Tuesday, March 24, 2009

Economical History

This article by Scott Reynolds Nelson, a history professor at William & Mary, compares the economic crisis of today with the crisis of the Long Depression, which began in 1873 and lasted 7 years. He attributes the cause of the depression to lax mortgage lending in Europe which resulted in inflated real estate prices plus easy credit offered to the various industries involved in building the transcontinental railroad in the US. He also says that the Industrial Age had its roots in this depression by allowing those with capital (Rockefeller, Carnegie et al) to buy their competitors at rock bottom prices.

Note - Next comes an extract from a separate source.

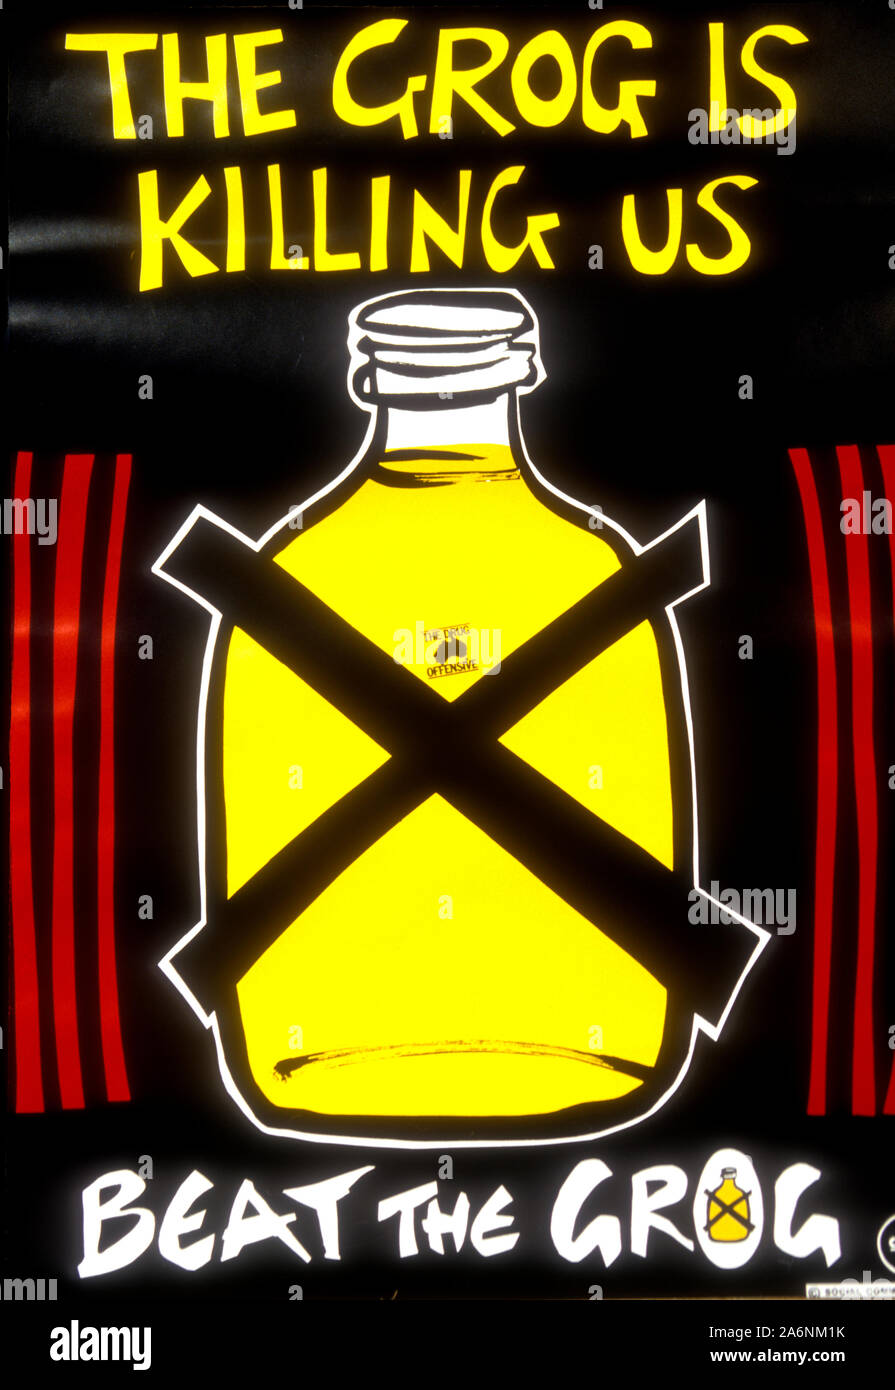 alcohol abuse poster stockfotos und

"In the end, the Panic of 1873 demonstrated that the center of gravity for the world’s credit had shifted west — from Central Europe toward the United States. The current panic suggests a further shift — from the United States to China and India."

The Wikipedia article about the Long Depression attributes the cause to inept politics in the US and abroad. Both sources are probably somewhat correct.

So, what's the crystal ball show for us hard working Americans here in the US of A? Probably several years of lackluster economic growth, if not economic decline. In a capitalistic system, markets continually seek to minimize cost for commodity functions. This ultimately results in asymmetric distribution of wealth. As we see more job functions outsourced to lower cost locations, there will be fewer high paying jobs in the US until the market creates the need for new job functions. In the meantime, the global market will begin to force to live within our means by restricting the amount of investment in the US. We won't be able to continue to spend at the same pace. As our consumption wanes, less developed countries will also cut back because they will sell less to us.

What will break this model? Siphoning off non performing assets (ie over valued mortgages and the related derivatives) so that our financial intermediaries can resume normal operations. The current environment proves that we don't study history as we seem to endlessly repeat it.

Let's hope that those in Washington remain distracted with corporate bonuses to the extent that they let the free market fix this problem. Maybe we will then survive to witness the next round of Extraordinary Popular Delusions and the Madness Of Crowds.